I don't know many economists who respect John Kenneth Galbraith's professional work; he tended to substitute wit for rigor, and the major economic model he proposed1, the theory of countervailing force, isn't looking so hot. On the other hand, almost all economists wish, to the extent of heartsickness, that they could write that well. And while the theory behind his economic history is often not quite right, the storytelling is absolutely first rate. You can't get a better popular overview of 1929 than The Great Crash, even though A Monetary History of the United States is probably a better way to understand the thing.
In the New York Sun this week, Ed Glaeser, the leading light of real-estate economics, had a lovely piece on the 50th anniversary of The Affluent Society:
Galbraith's advocacy of public spending aimed at reducing inequality and improving infrastructure helped usher in the 1960s. Lyndon Johnson's war on poverty was decidedly Galbraithian. While the New Deal social programs were born of economic desperation, Johnson's social spending reflected the confidence of prosperity, just as Galbraith had foreseen. But after 1969, the American public gradually turned against Galbraithian social policy. By 1980, Galbraith's arch-nemesis, Milton Friedman, had found an intellectual home in the White House. In the 1990s, even Democrats embraced private wealth over public spending. But in 2008, "The Affluent Society" seems relevant once more. As the political pendulum swings left, candidates once again call for a more vibrant state to right social wrongs. The excesses of the 1960s are forgotten and once again, the government is seen as society's savior. For people of all political stripes, it is worthwhile returning to "The Affluent Society," and pondering what Galbraith got right and what he got wrong.While I am a staunch supporter of free markets, I agree with Galbraith that there is much the public sector needs to do.

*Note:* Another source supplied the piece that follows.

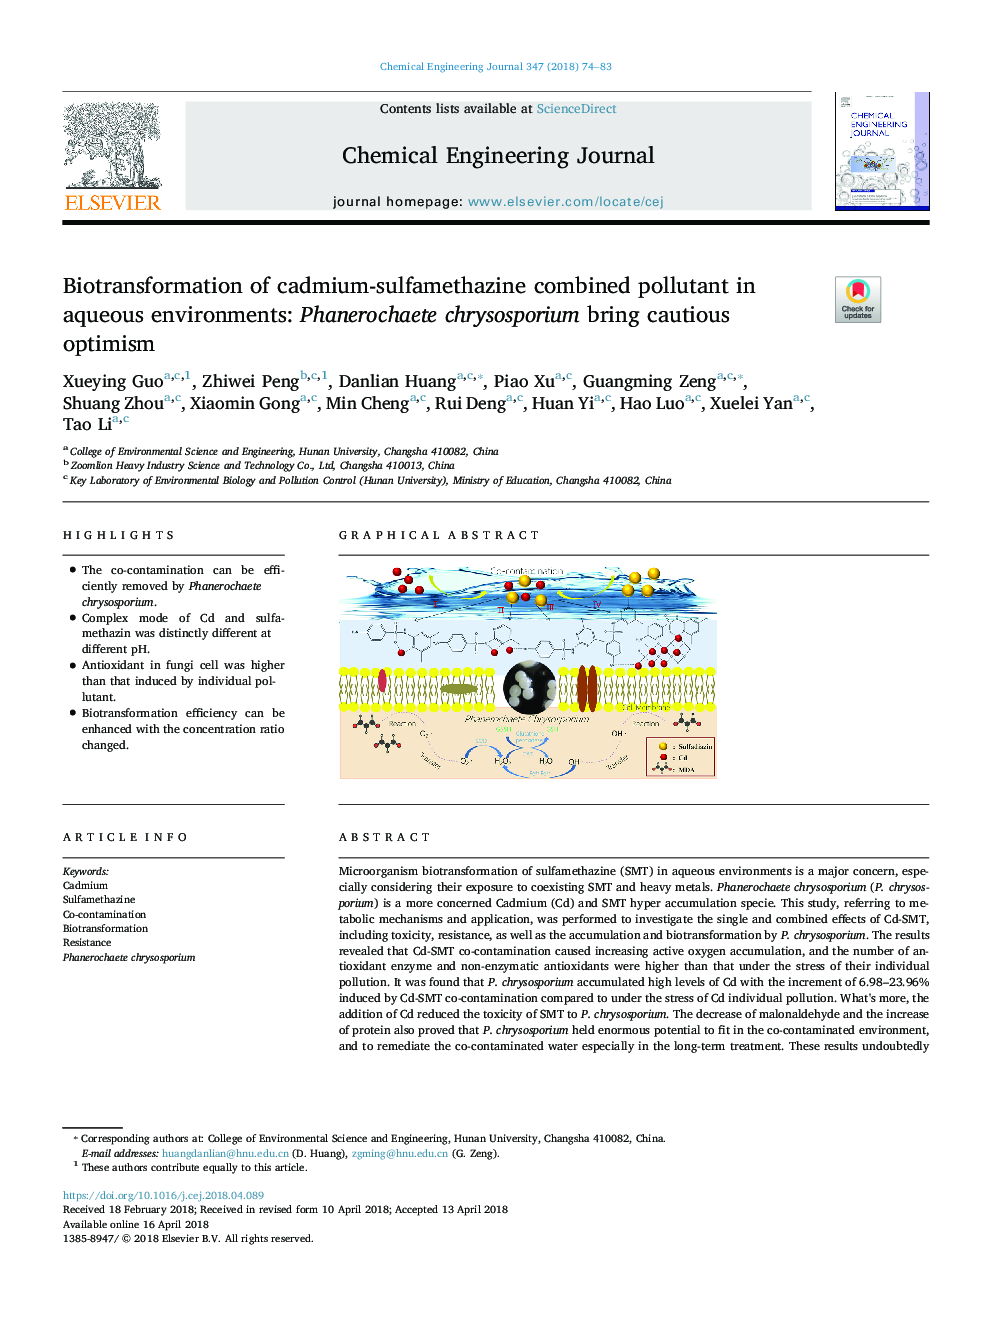 Biotransformation of cadmium-sulfamethazine combined pollutant in aqueous environments: Phanerochaete chrysosporium bring cautious optimism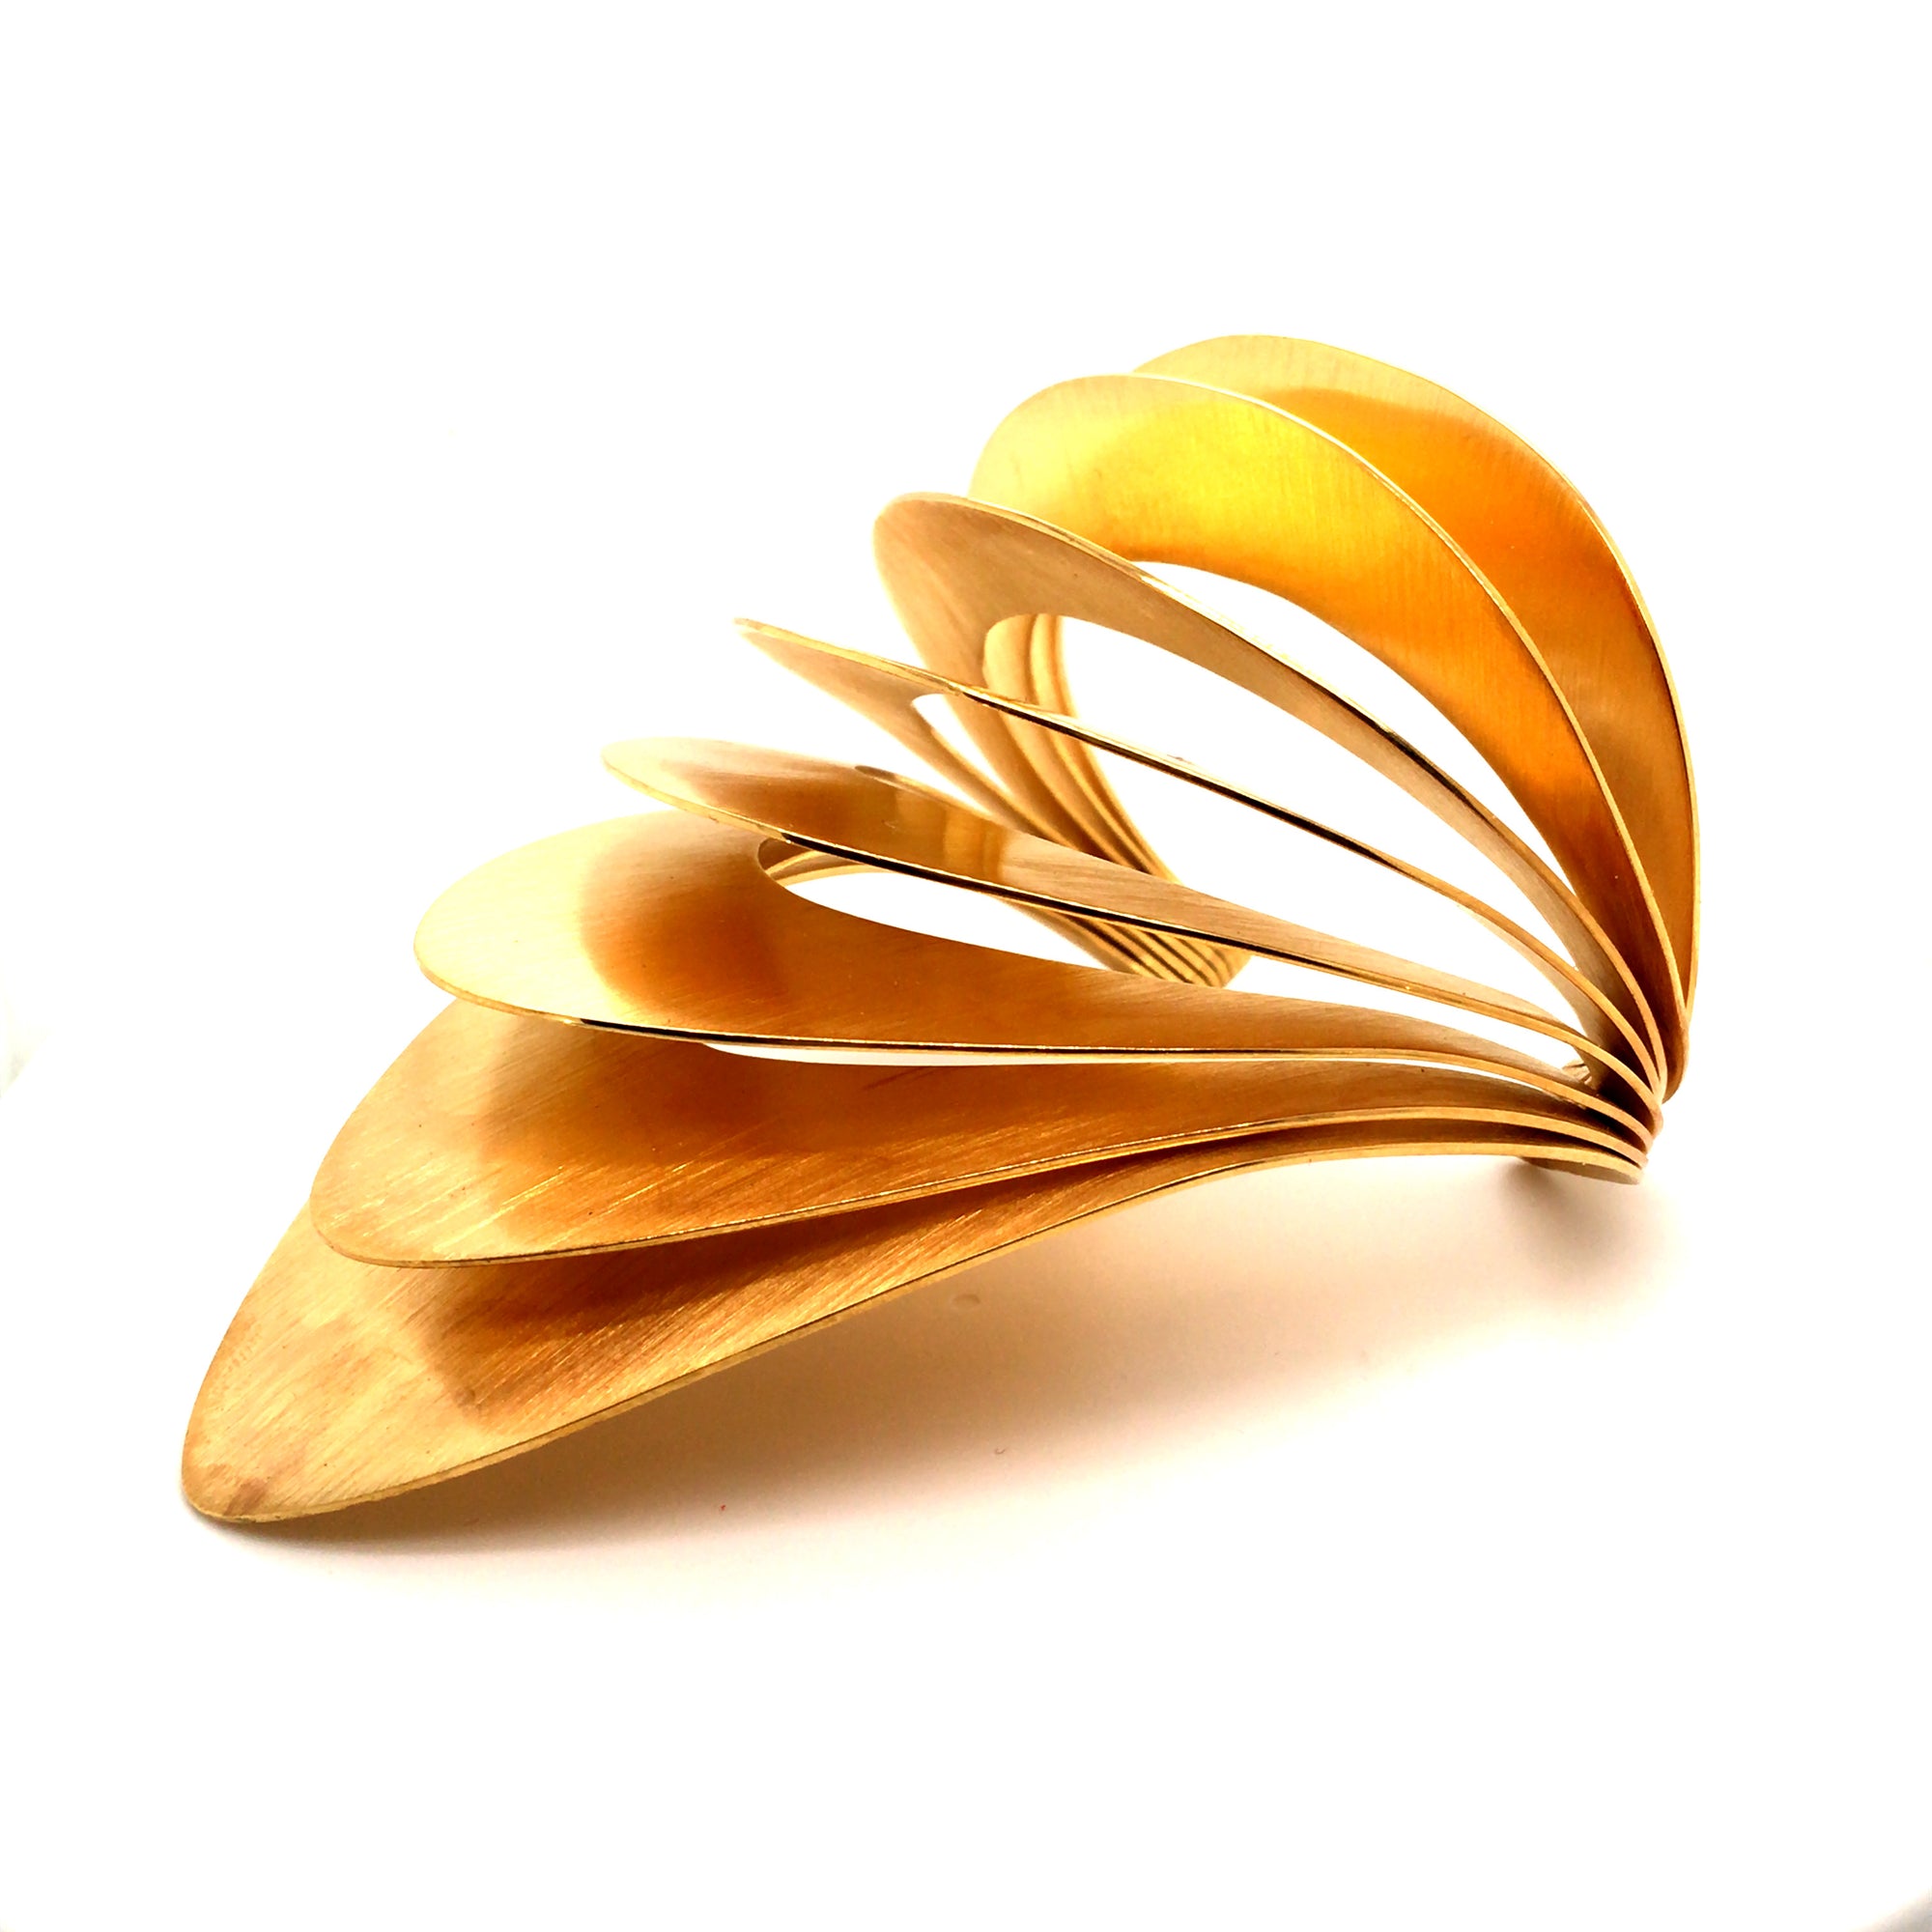 Bracelet "Distorsion" en or jaune brossé 18K créées spécialement pour l'actrice Sarah LAURENT pour la présentation du film "Un Autre Monde" de Stéphane BRIZÉ le 10 septembre 2021 à la 78ème Mostra de Venise Paris Design week

Private firms do not automatically provide safe streets, good roads, and clean water. Even more important, Galbraith was dead right in arguing that we need more effective schools. Human capital is our best tool against poverty and economic stagnation.
Galbraith's great failure was that he never really understood how much society is strengthened by a free and competitive private sector. "The Affluent Society" argues that a lack of regulation made American homes inferior to those in European social democracies. That view was wrong in 1958 and is completely untenable today. American housing is the best in the world, and the weaknesses of the housing market reflect too much, not too little, regulation, especially those rules that stymie construction and make housing unaffordable. While Galbraith was right that some social problems do need a stronger public sector, his analysis would read better today if he had also appreciated the tremendous vitality that comes with economic freedom.
1rather than what you might call "conspiracy sociology"


Here is a little challenge.
If you can get through the next five years without writing, even once, a sentence of the form "American [x] is the best in the world," without immediately backing that claim up with two paragraphs of rigorous, skeptical argumentation and evidence, then you will be allowed to continue writing.
If not, you will be required to sit on the Thinking Chair until you can explain why your behavior is wrong.